* _Task requirements_: Everything in the listing must be repeated exactly, apart from the images.

* _Information provided_:
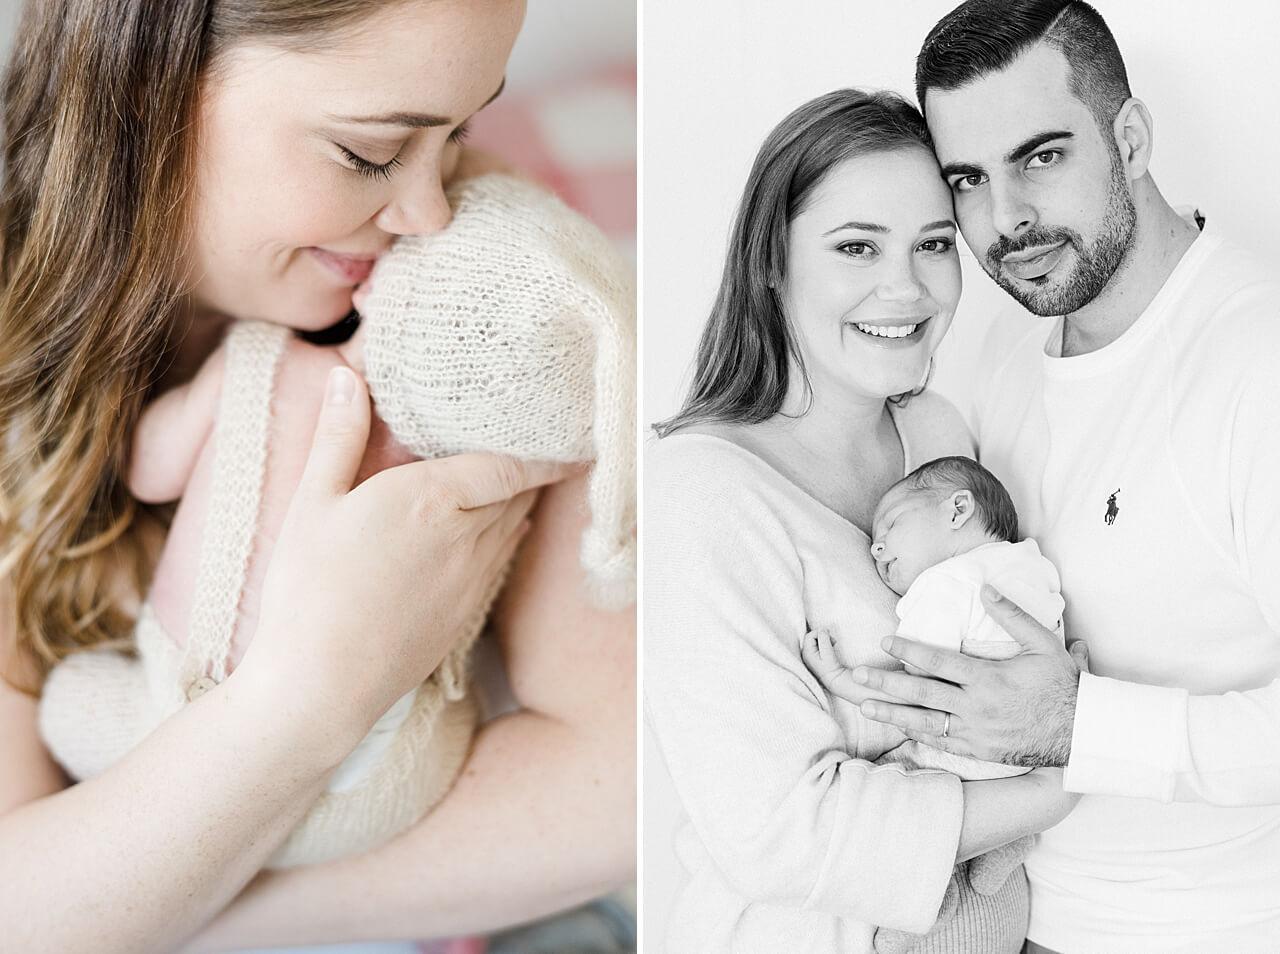 Rebecca Conte Fotografie: Wundervolles Newbornshooting 14
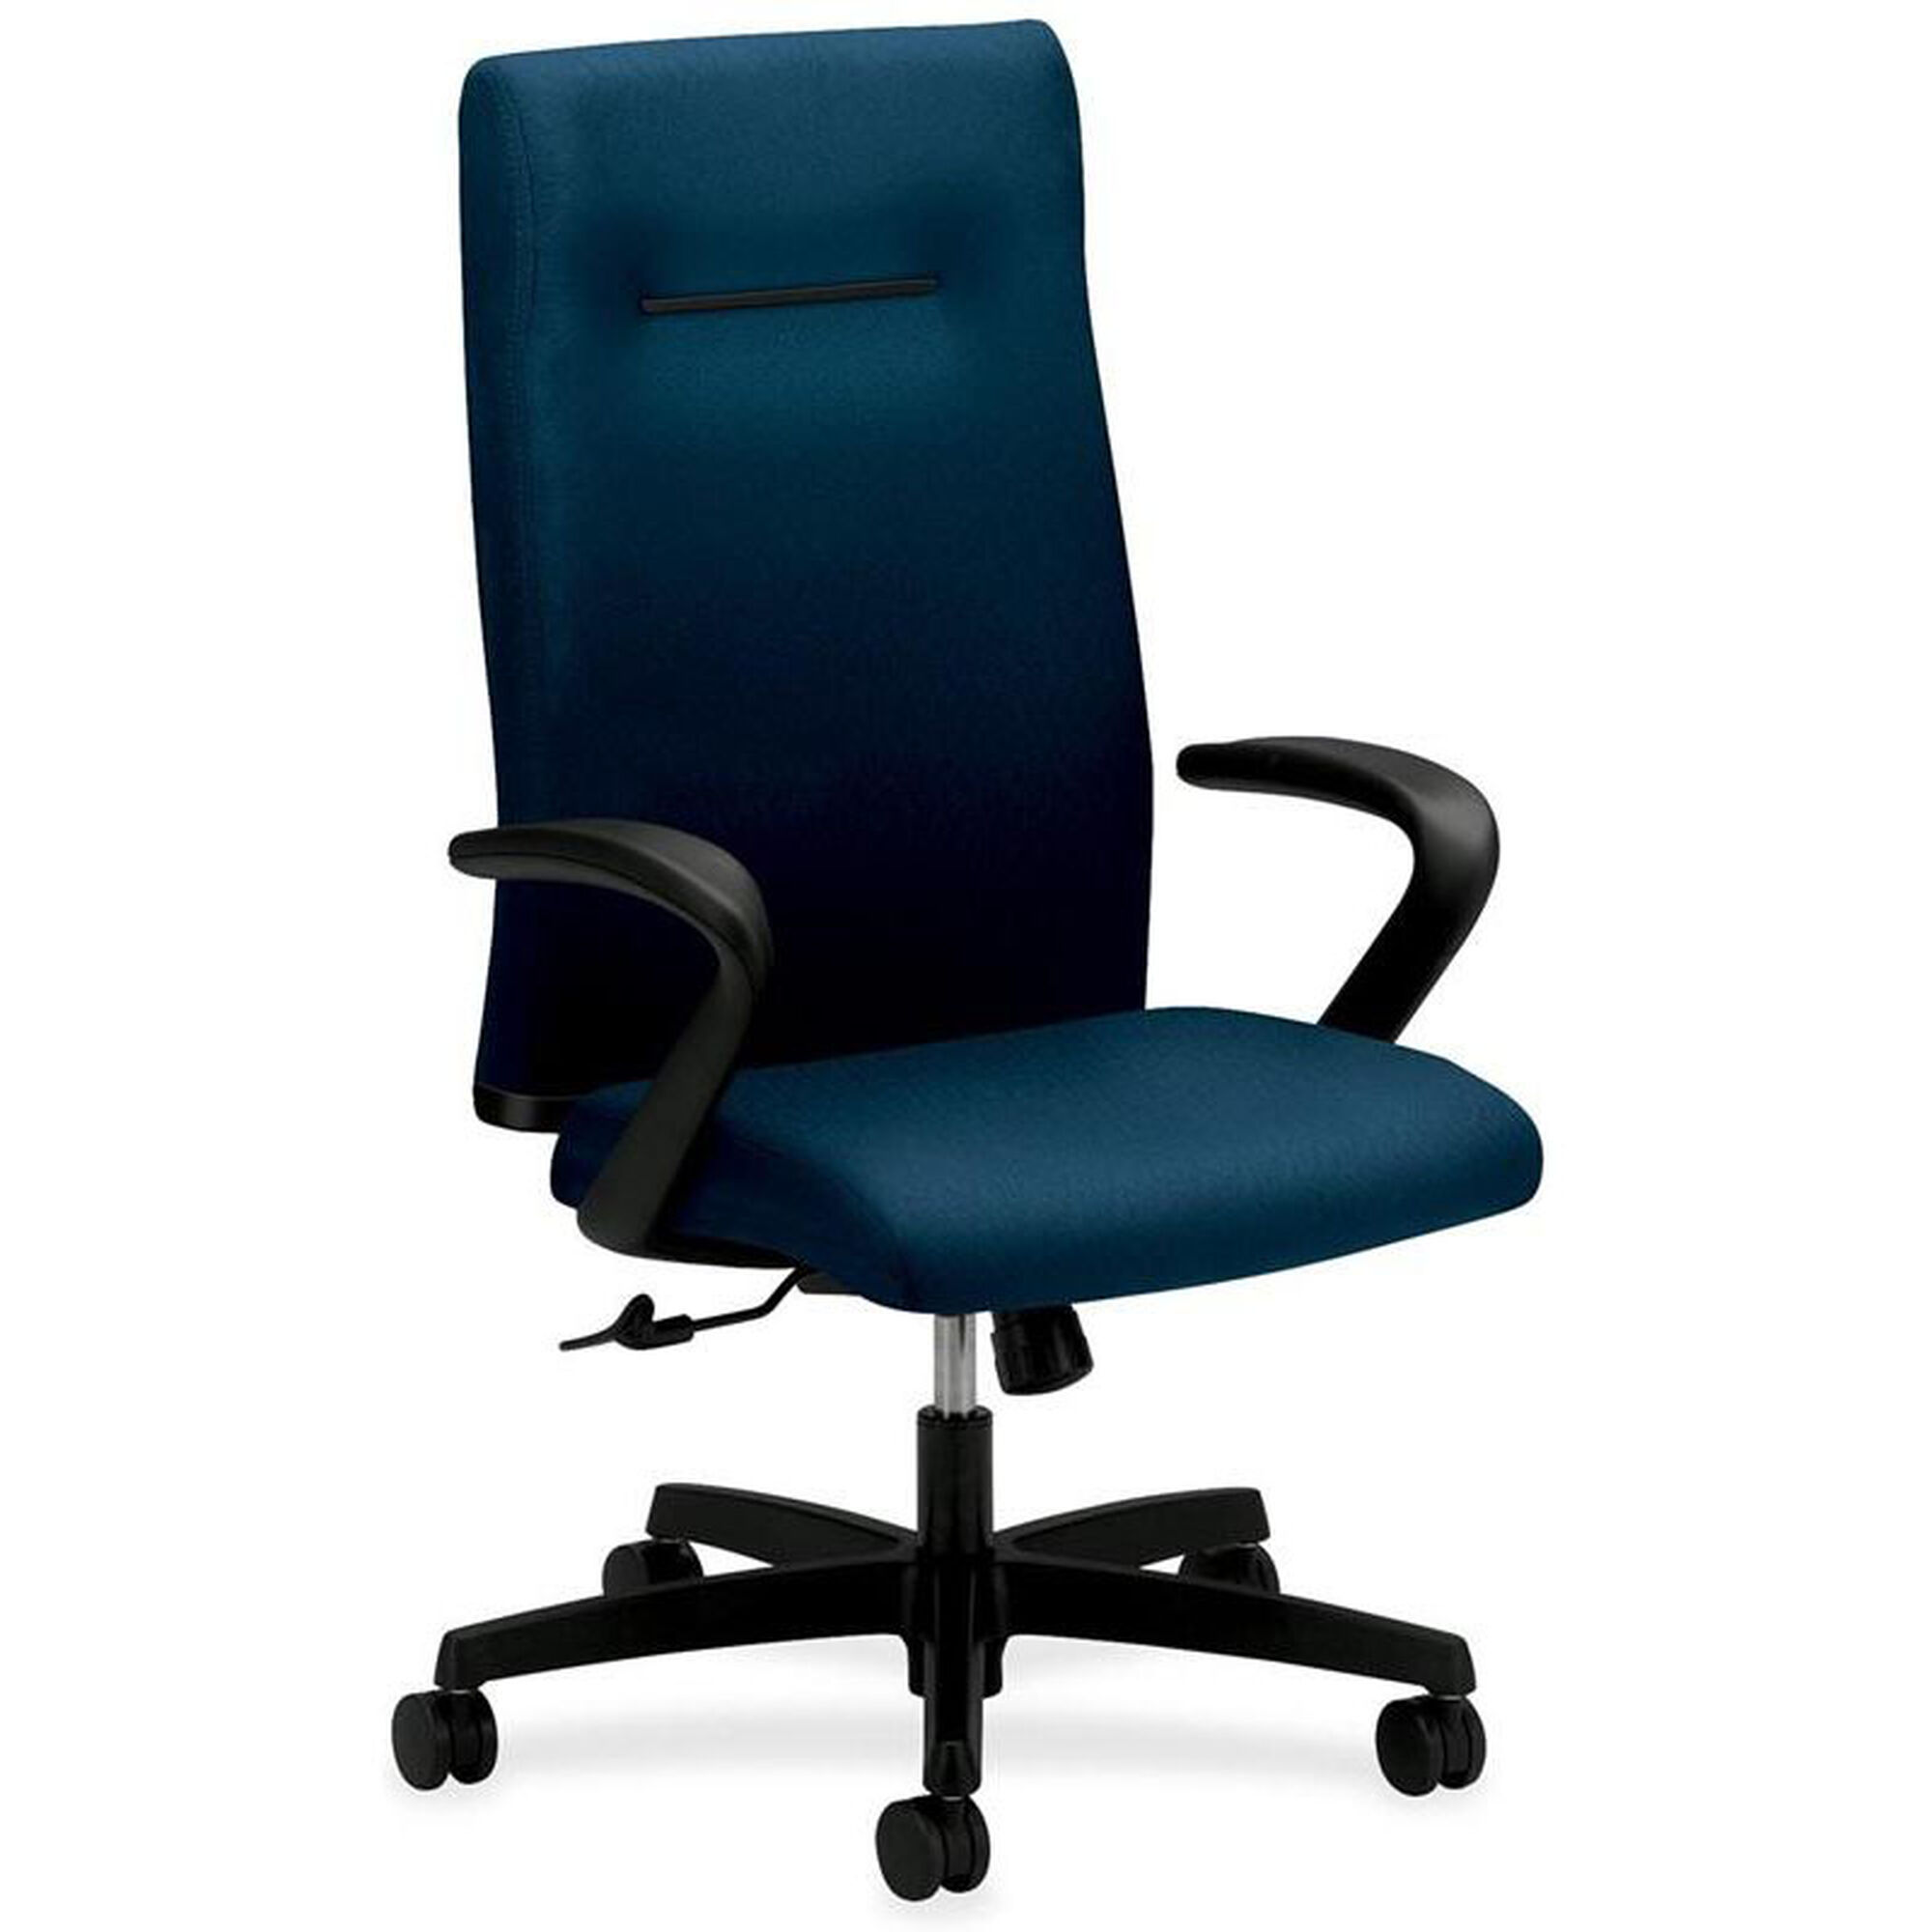 Hon The Hon Company Ignition Seating High Back Executive
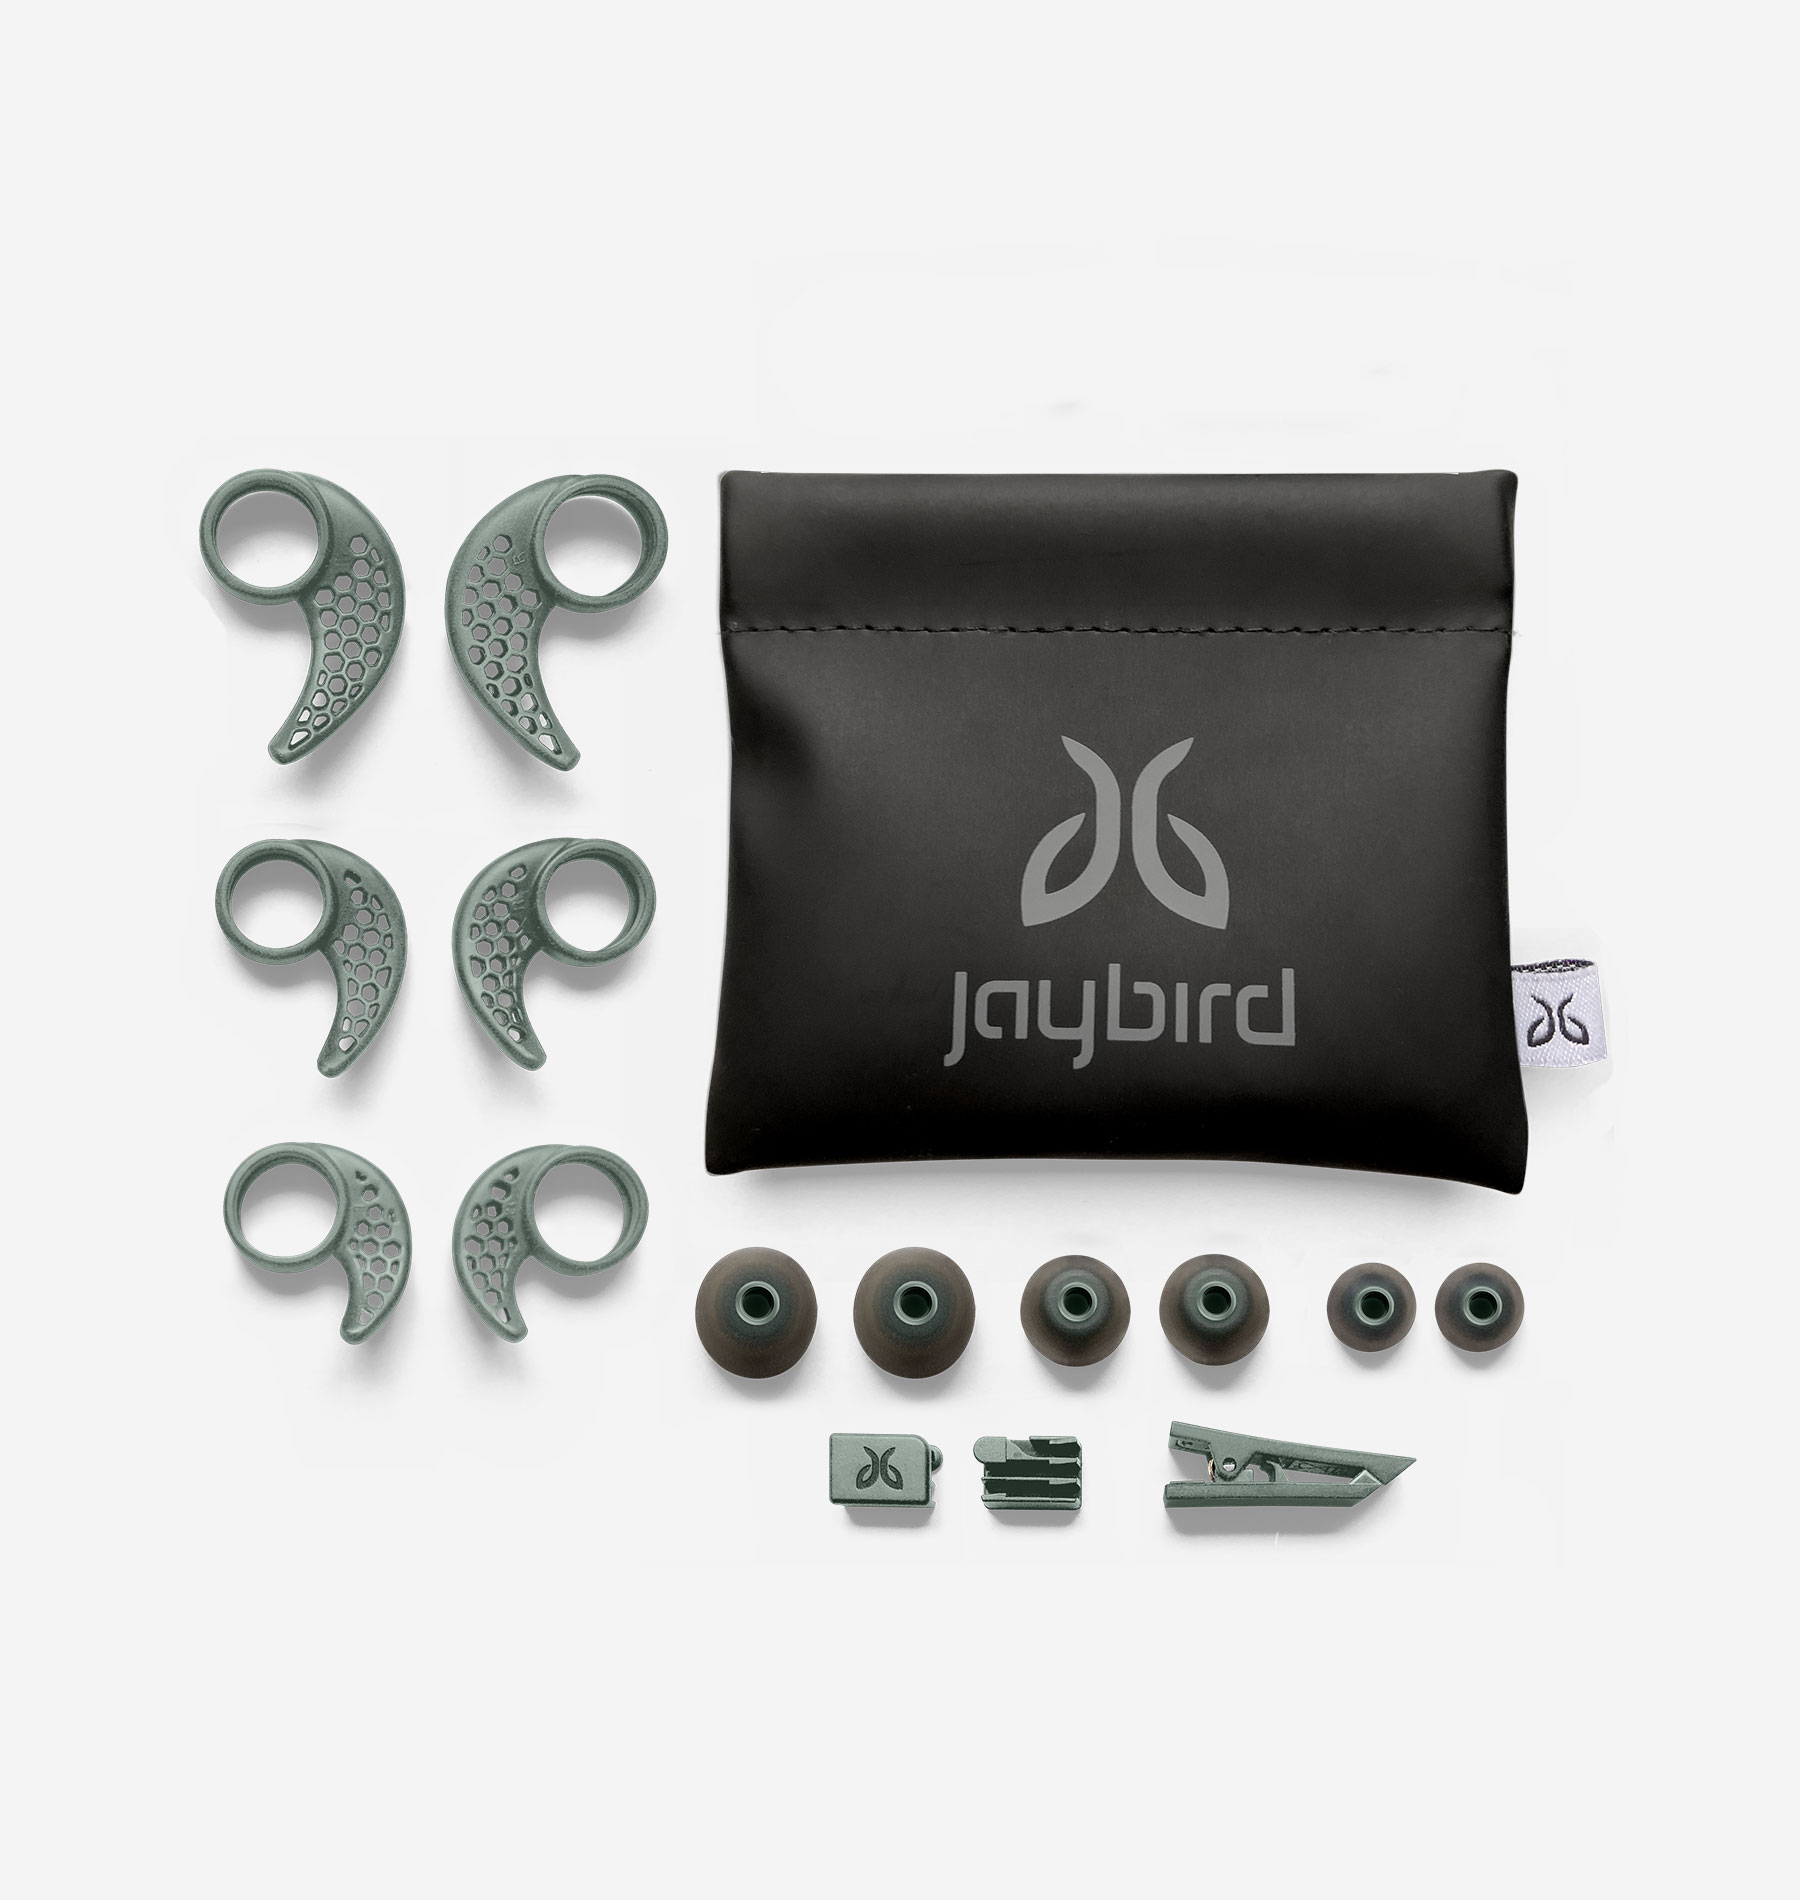 Jaybird X4 Accessory Pack

* _Result of the task_:
 Rebecca Conte Fotografie: Wundervolles Newbornshooting 14
 Hon The Hon Company Ignition Seating High Back Executive
 Jaybird X4 Accessory Pack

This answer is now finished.